EXERCISE - Leave out the pictures, then return the records word for word.

-- RECORDS TO PROCESS follows --

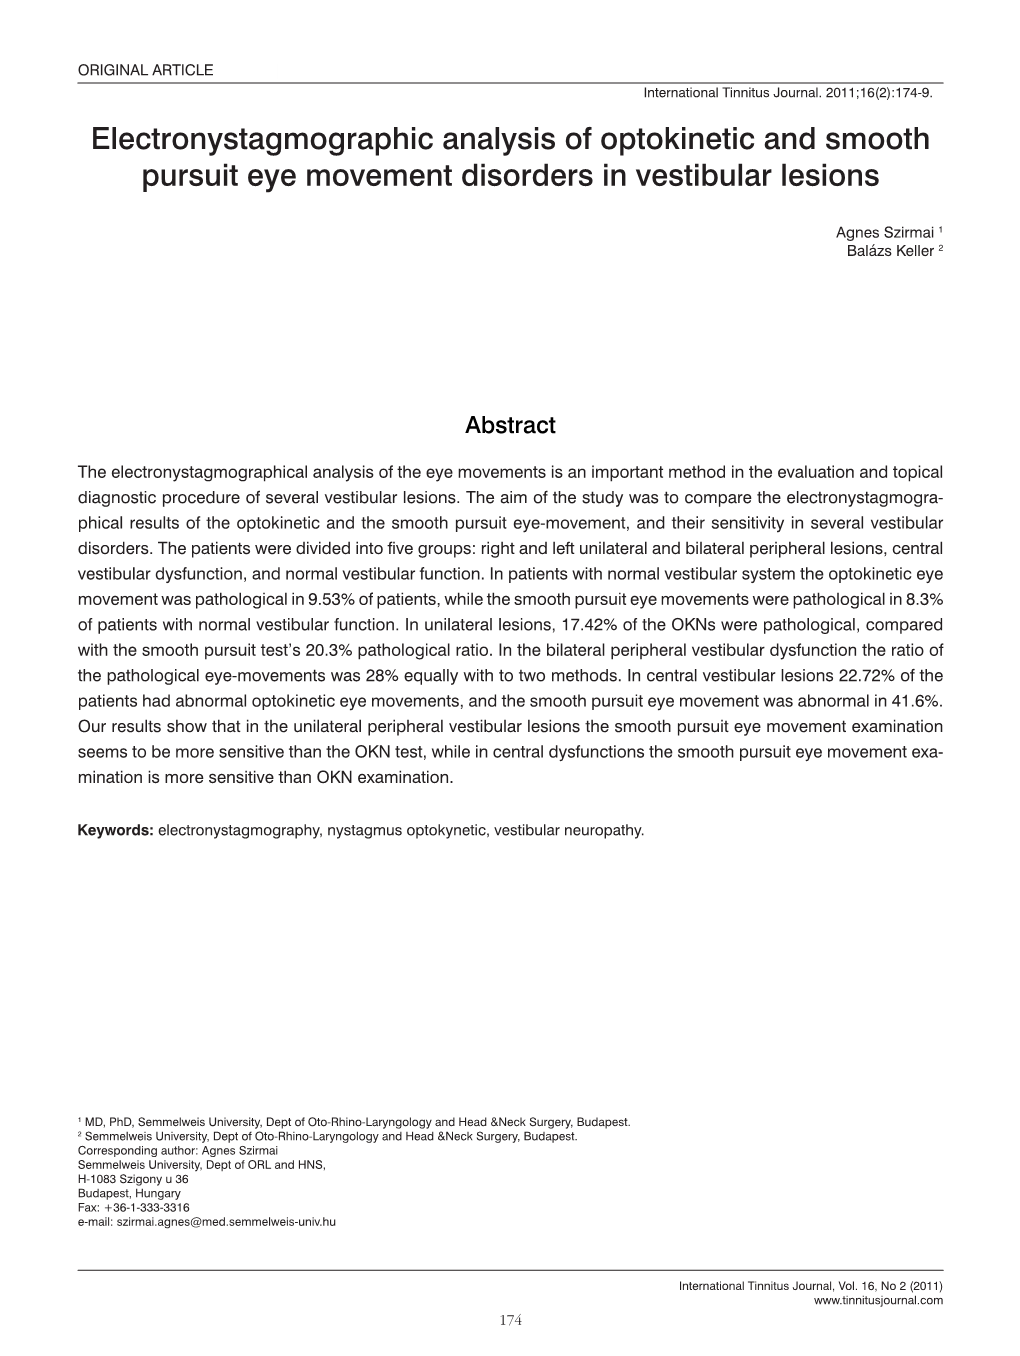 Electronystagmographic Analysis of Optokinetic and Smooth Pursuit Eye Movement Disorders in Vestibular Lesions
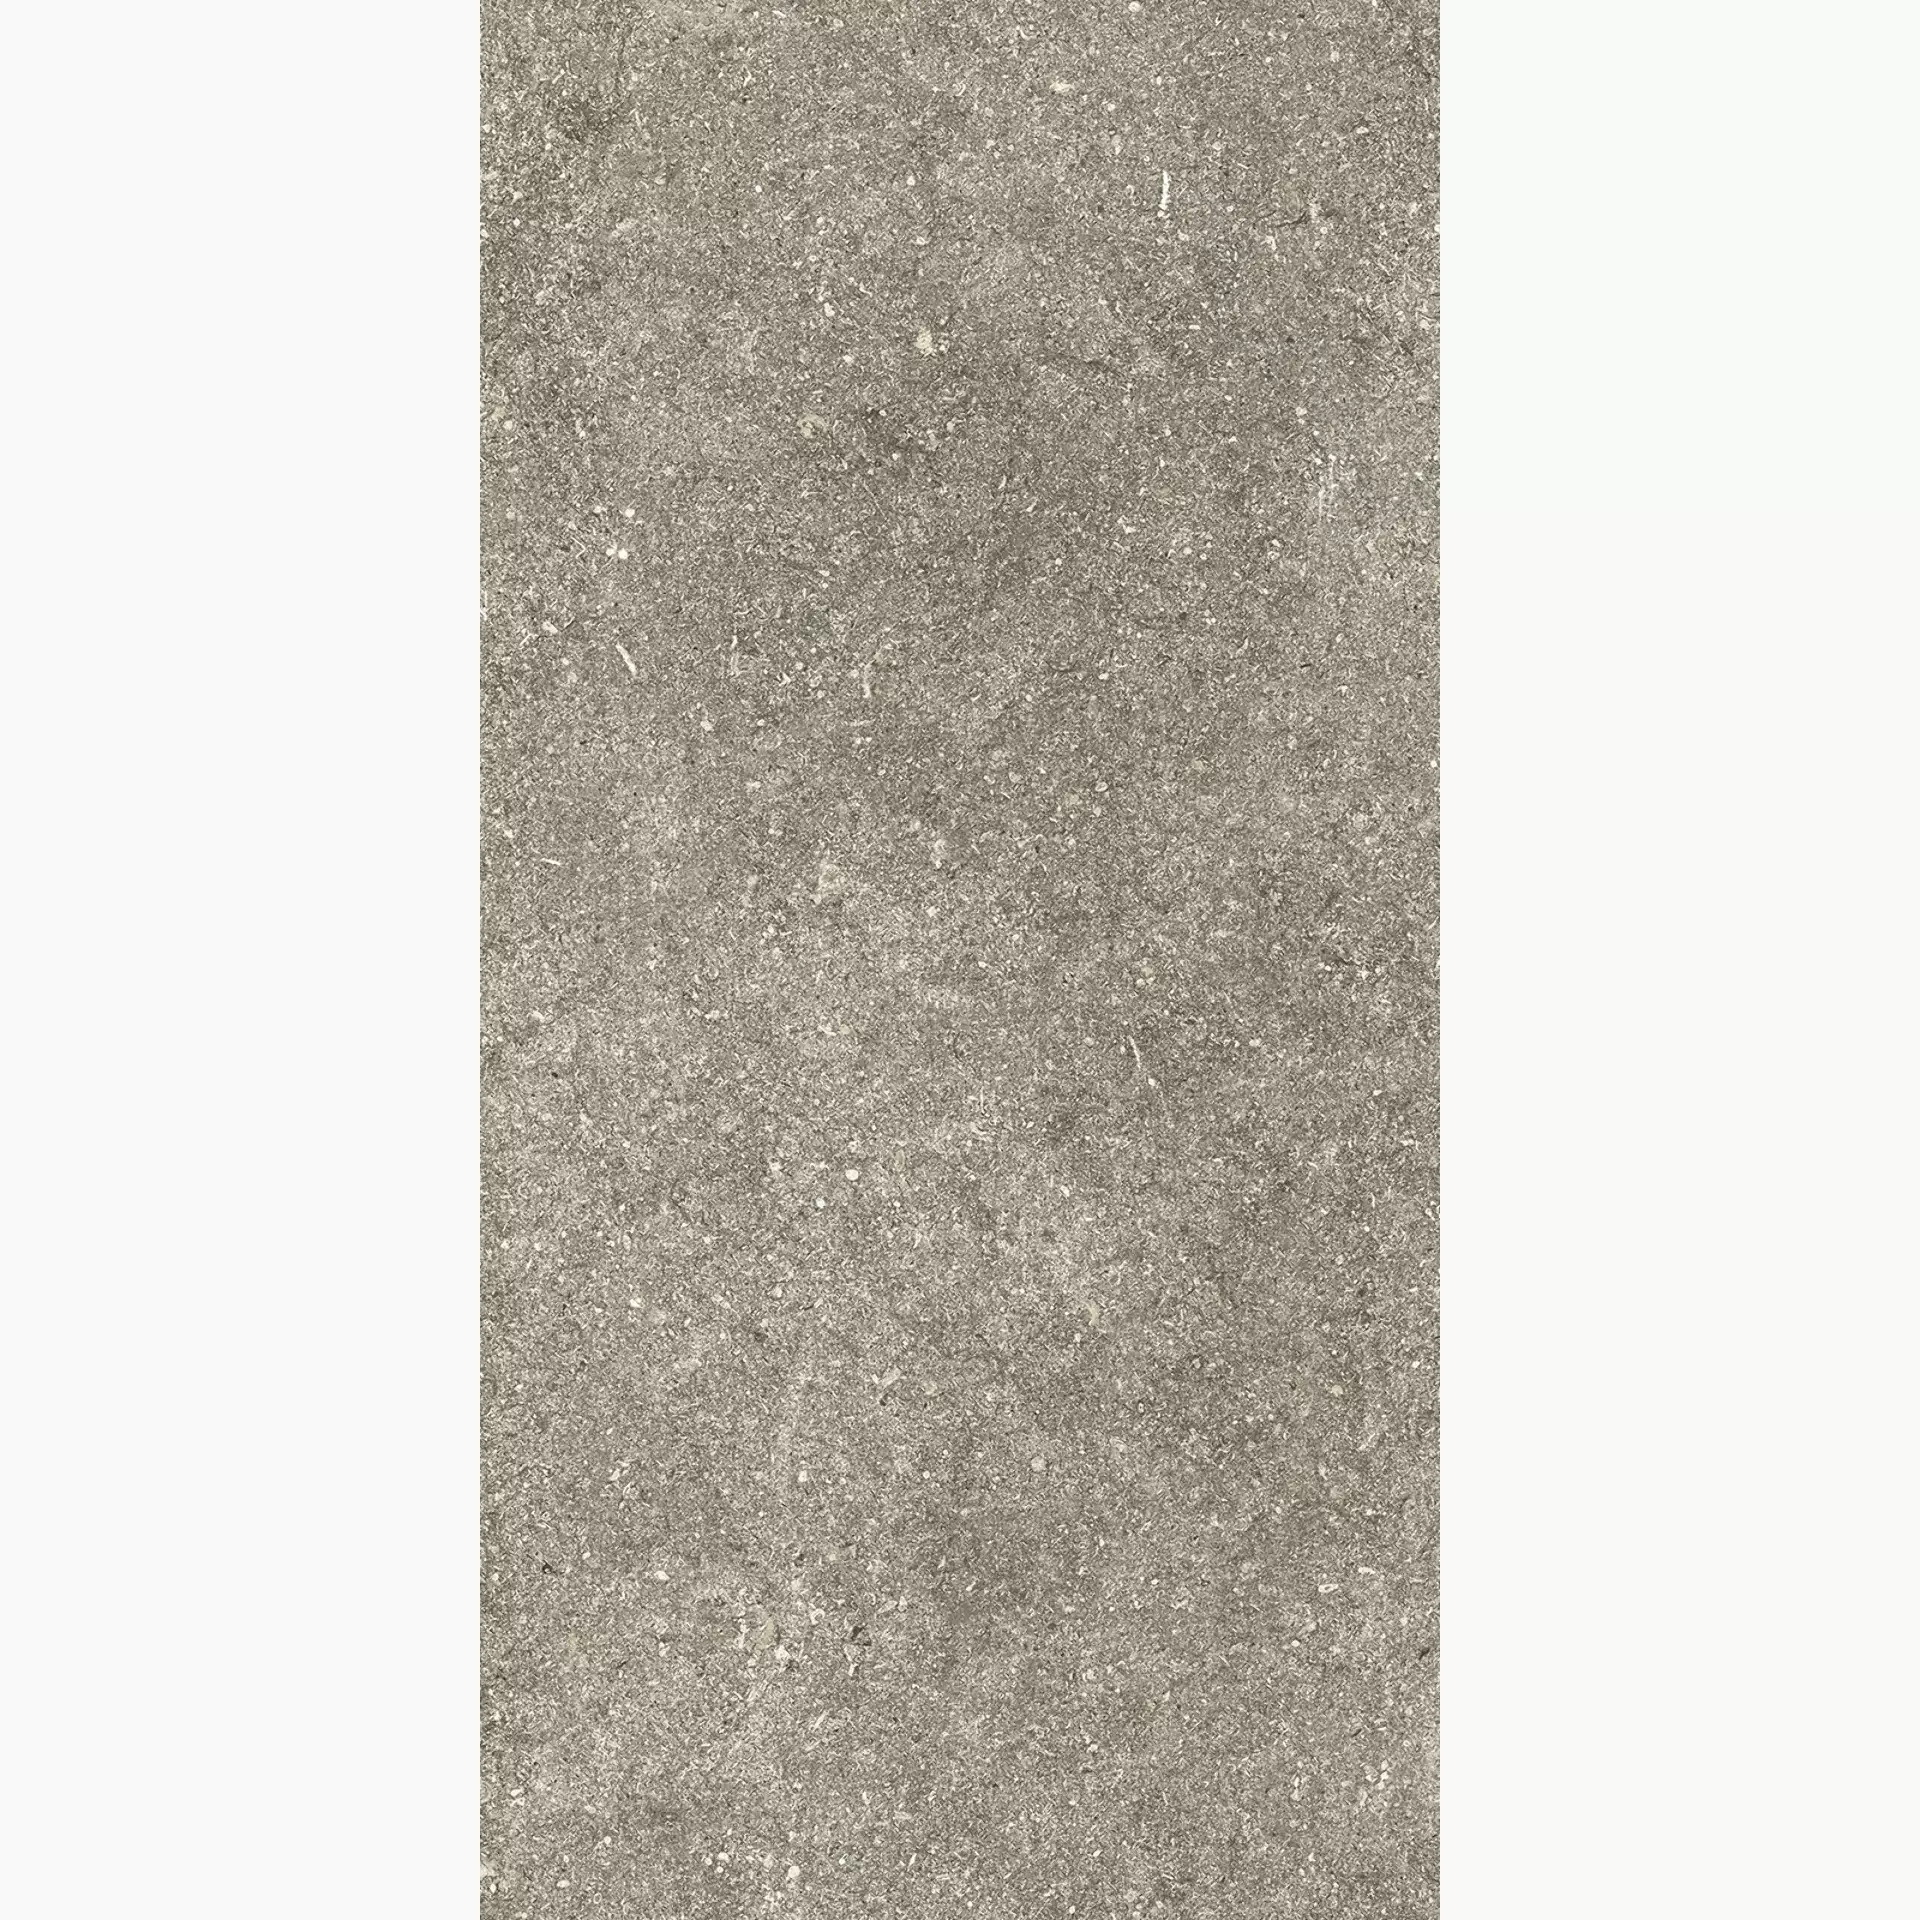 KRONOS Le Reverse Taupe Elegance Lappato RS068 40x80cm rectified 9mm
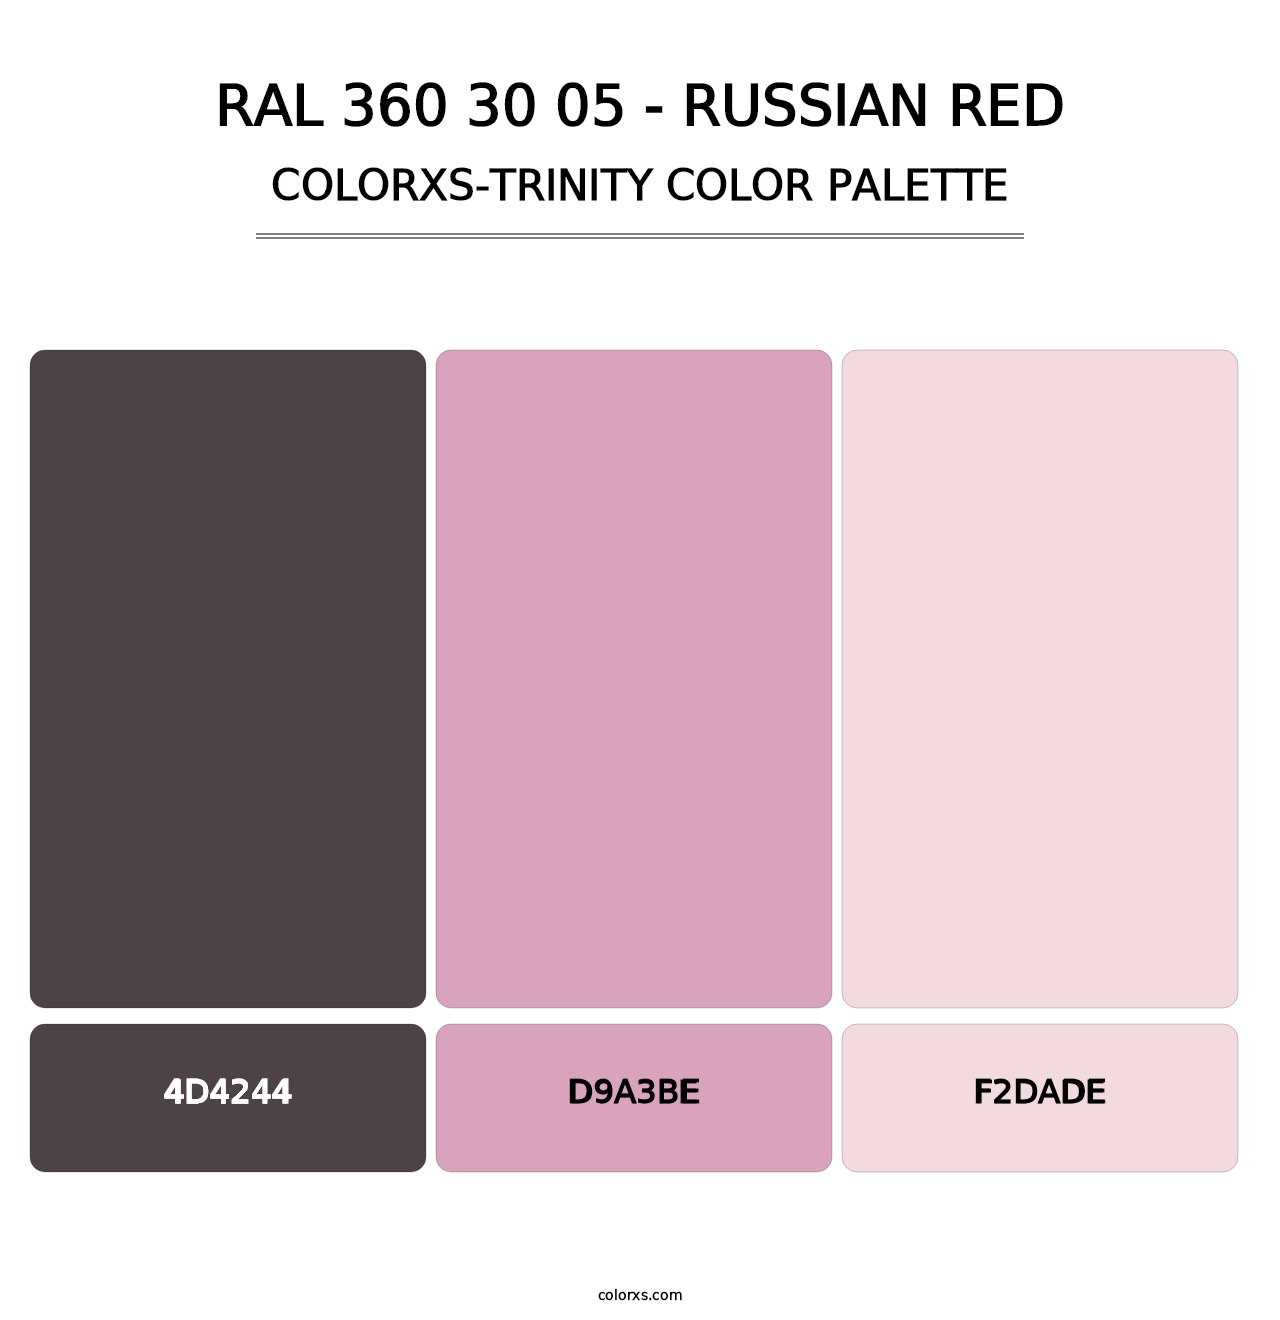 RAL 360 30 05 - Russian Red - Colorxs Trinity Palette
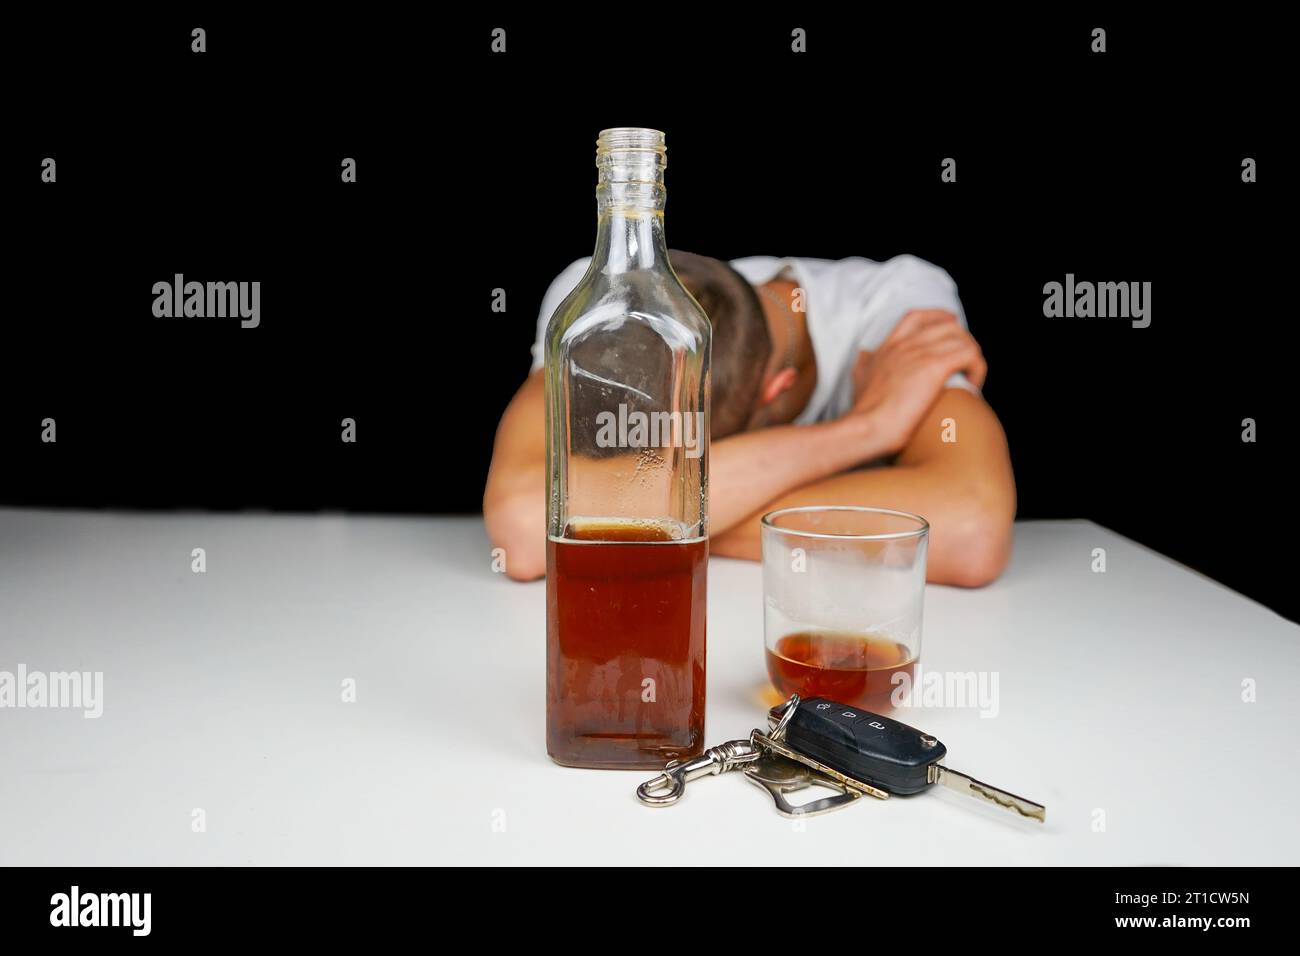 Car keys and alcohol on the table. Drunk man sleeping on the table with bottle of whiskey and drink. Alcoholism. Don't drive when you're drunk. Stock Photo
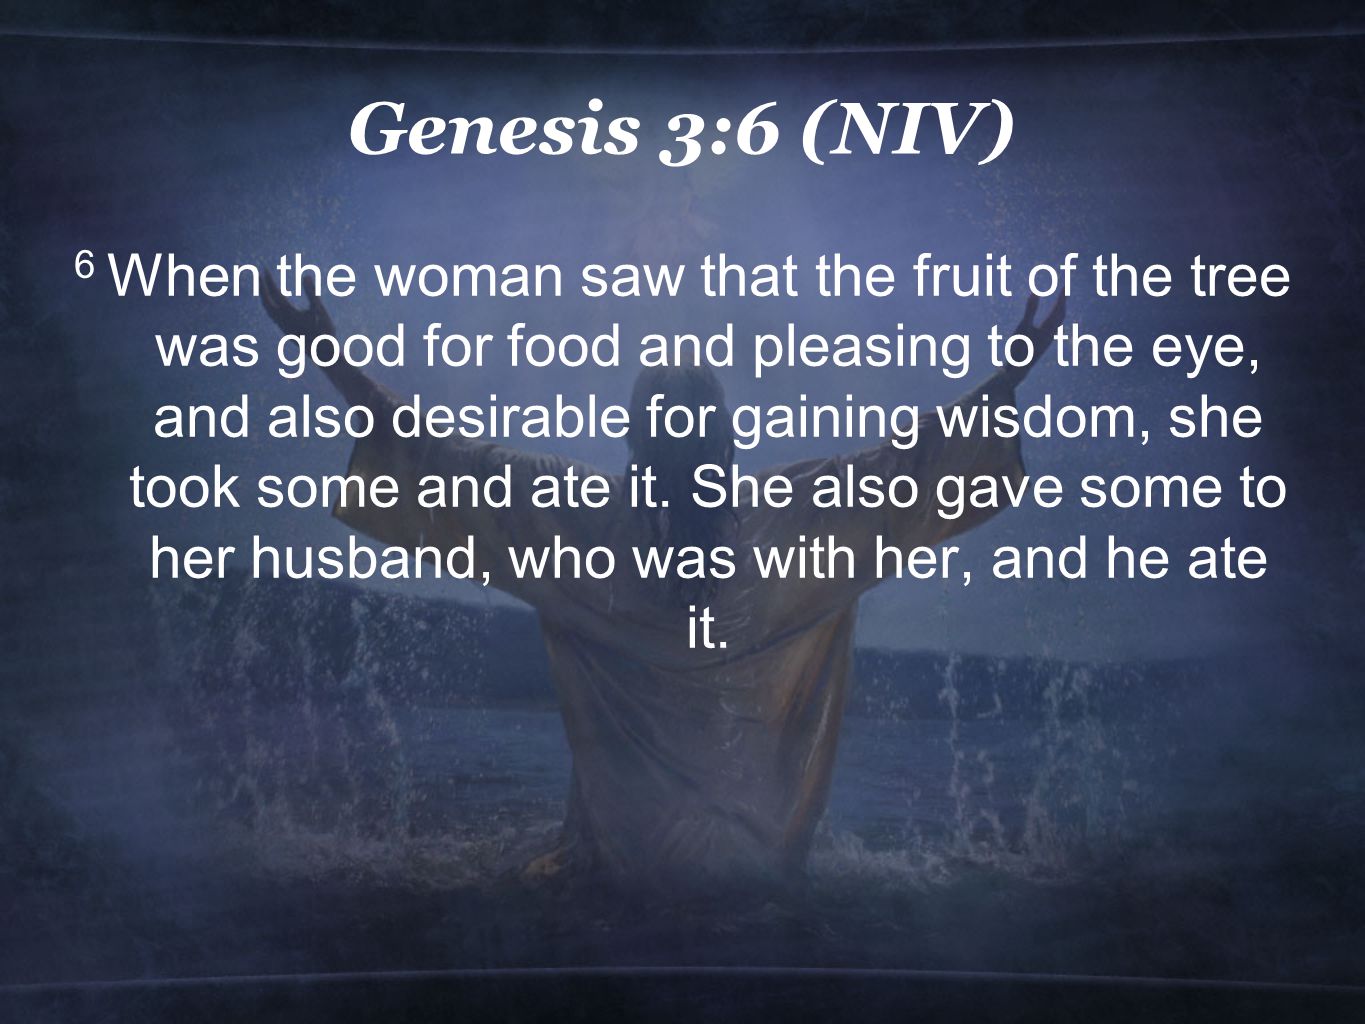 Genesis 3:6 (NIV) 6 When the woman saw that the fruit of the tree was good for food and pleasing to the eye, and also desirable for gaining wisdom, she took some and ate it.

-- RECORDS TO PROCESS concluded --

RESULT -
 Electronystagmographic Analysis of Optokinetic and Smooth Pursuit Eye Movement Disorders in Vestibular Lesions
 KRONOS Le Reverse Taupe Elegance Lappato RS068 40x80cm rectified 9mm
 RAL 360 30 05 - Russian Red - Colorxs Trinity Palette
 Car keys and alcohol on the table. Drunk man sleeping on the table with bottle of whiskey and drink. Alcoholism. Don't drive when you're drunk. Stock Photo
 Genesis 3:6 (NIV) 6 When the woman saw that the fruit of the tree was good for food and pleasing to the eye, and also desirable for gaining wisdom, she took some and ate it.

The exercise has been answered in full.